Ambury has been developed as an education centre that annually sees over 8,000 school children attend the park to experience hands-on learning about farming, animals, food and conservation in formal curriculum based programmes.
Informal opportunities for the public to interact with the farm and its animals are also offered. Visitors can view cow milking, sheep shearing and assist with lamb feeding. New innovations include the accessible laneways that lead you through and alongside the many farm animals. As demand and visitor numbers grow, future plans are to extend these lanes and to incorporate a wider variety of farm animals.
Ambury is a giant outdoor classroom and opportunities flourish for outdoor play and a chance to learn with all the senses. Simple innovations include leaving branches in plantings for children to build huts, a huge grassy mound that entertains games of hide and seek, a place to pick long grass to feed the horses and even a place where you can find frogs and worms. The insect garden is another new addition with piles of rocks, branches and native plantings to attract and enhance native insects for visitors to experience and learn through interpretation.

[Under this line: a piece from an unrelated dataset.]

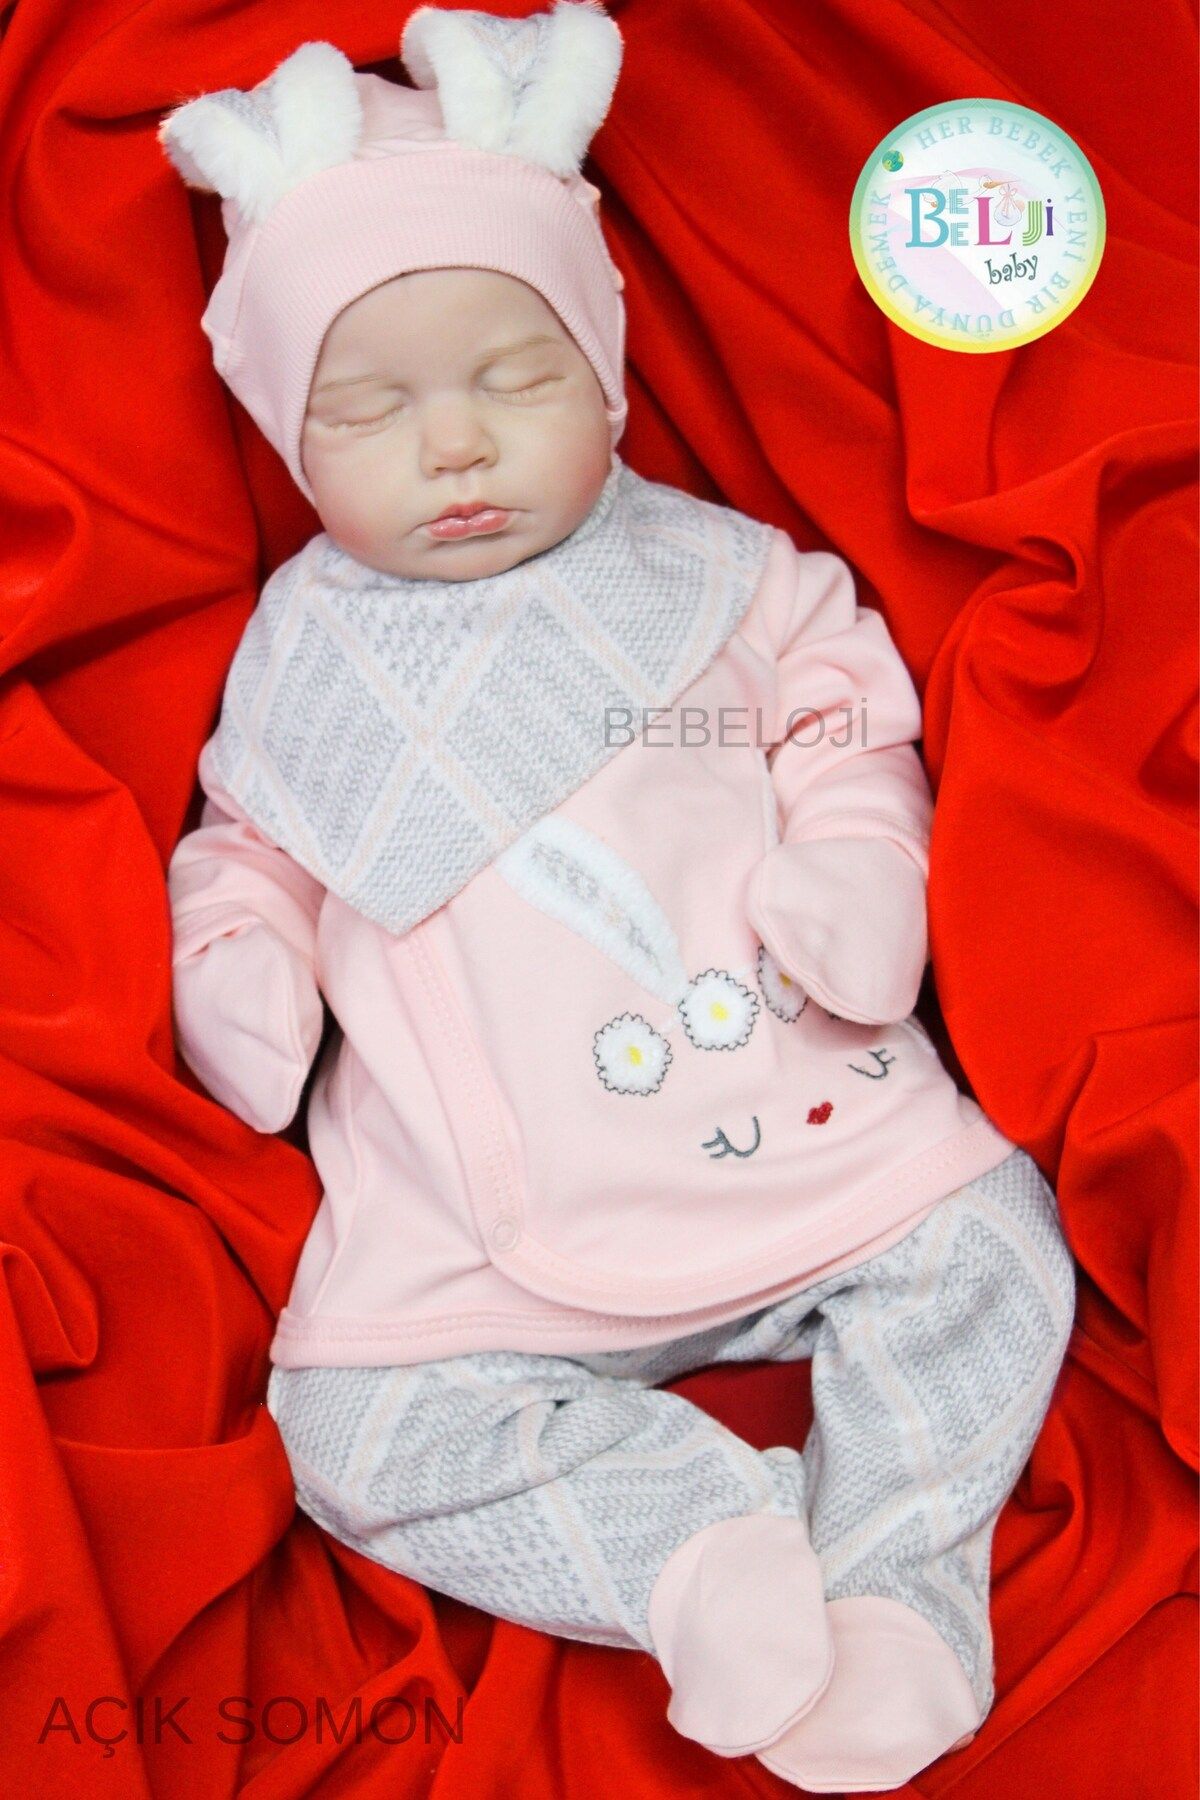 Bebeloji Baby Tavşanlı Kız Bebek Hastane Çıkışı 5'li Set Yenidoğan Kıyafeti kiz hastane cikisi

Ambury also offers camping as another way for people to relax and connect with nature. The campground has gone from a bare grazing paddock to a lovely planted setting with room for 60 people to camp and a large open space for family games.

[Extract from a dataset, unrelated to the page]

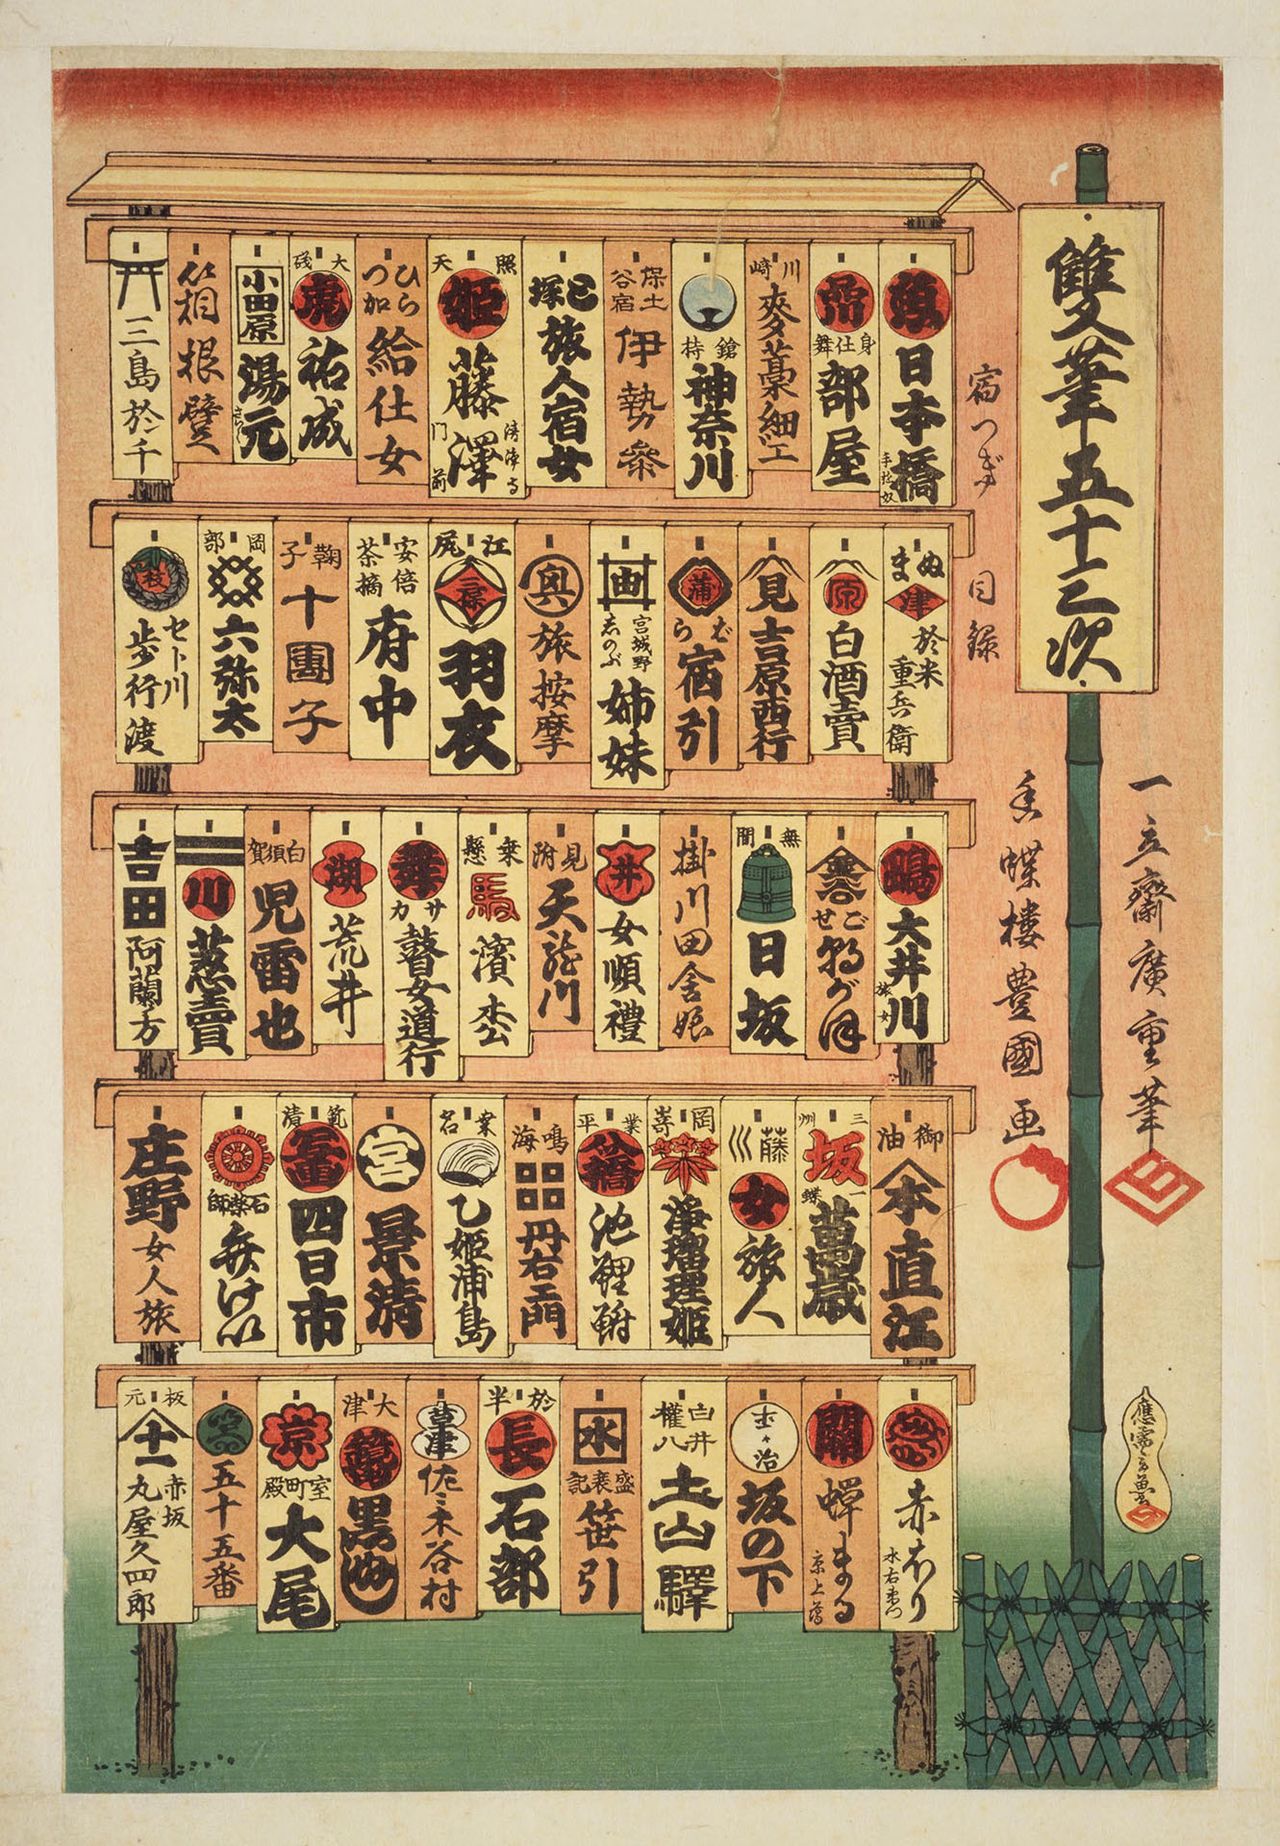 『双筆五十三次 目録』（1854年　国会図書館蔵）は、宿場名の木札を並べたようなデザイン。広重、三代豊国の名の下に、玄魚の名前も記される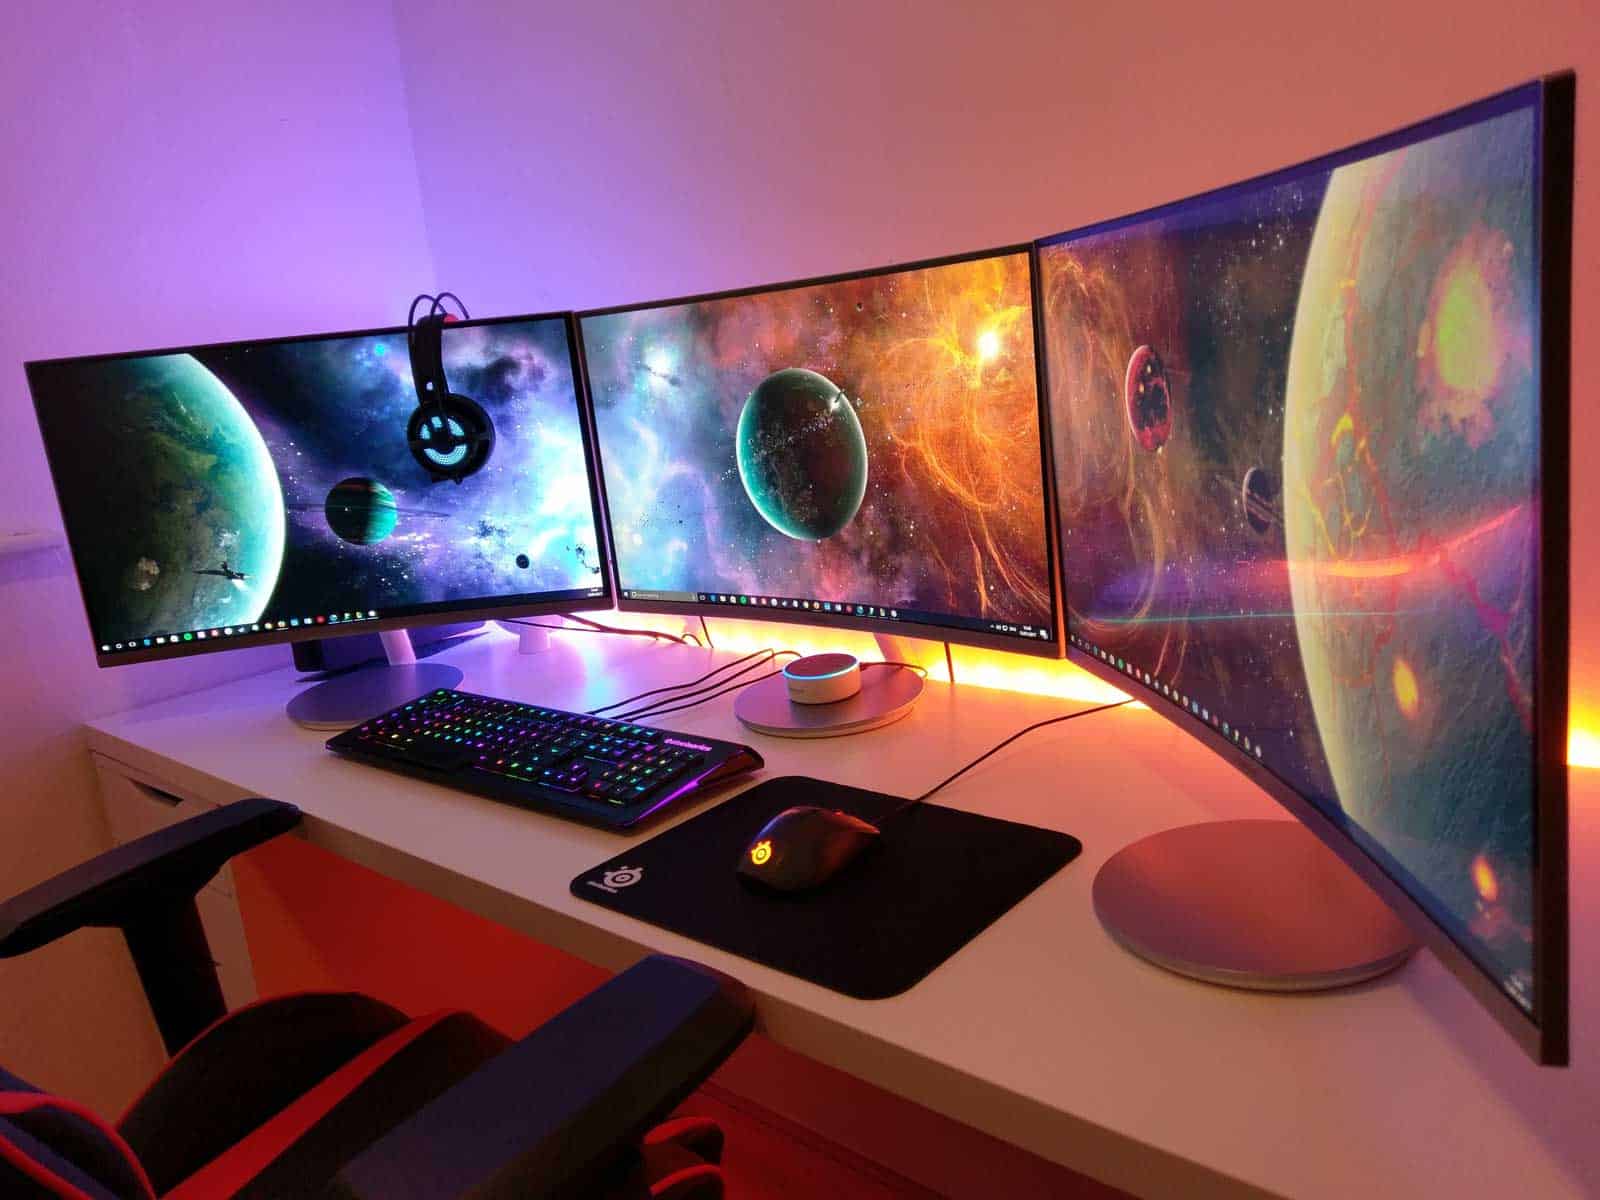 Are gaming desks ergonomic?

The above innovations and developments are ways in which Ambury Farm has been able to combine both the operational needs of farming and education in a collaborative way.
Over the years staff have observed how park users would like to use the park and planned new facilities accordingly. For example, when families began using the trees to string up nets to play volleyball, staff set up three sets of volleyball posts which are now in hot demand. Observing and responding to how people want to get active and connect with nature provides the best opportunities for innovation and improvement at the park.

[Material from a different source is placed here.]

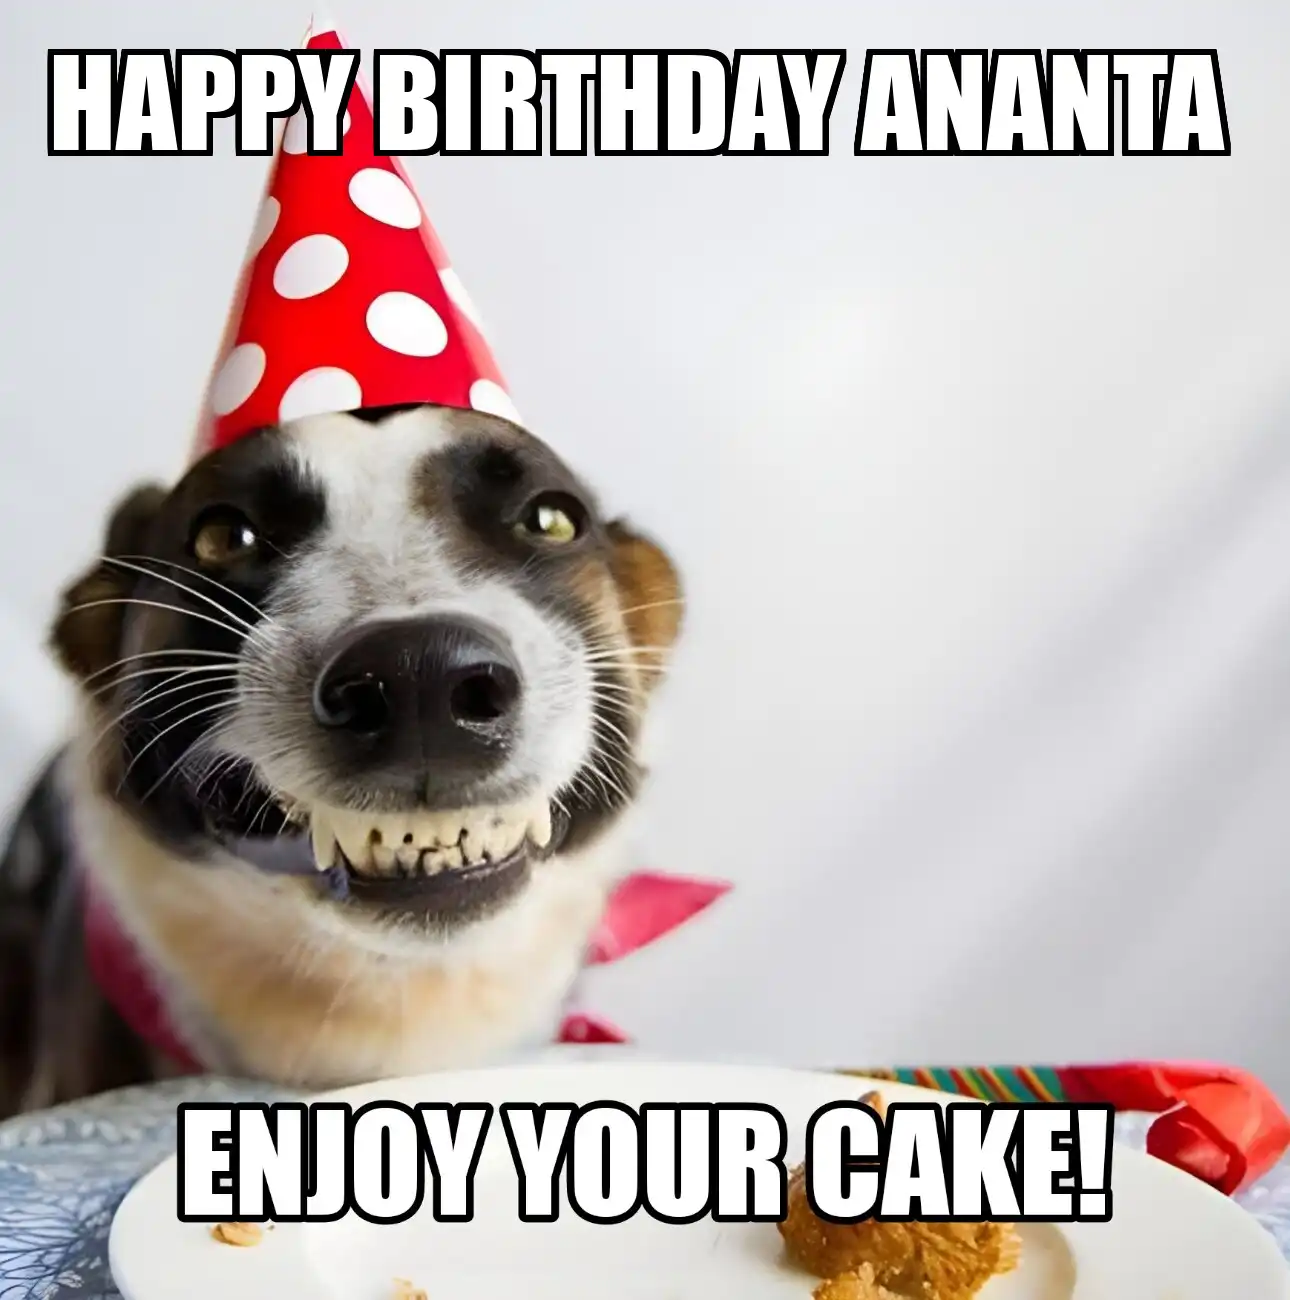 Happy Birthday Ananta Enjoy Your Cake Dog Meme

Ambury is nestled in the Māngere Bridge community and well visited by locals, who use the park for recreation, family gatherings, exercise, education and an opportunity to connect with nature.
Many of the families that live in the neighbouring suburbs of South Auckland are on low incomes with socioeconomic challenges. Ambury provides the opportunity for access to free recreation activities, exercise areas, education opportunities and community support.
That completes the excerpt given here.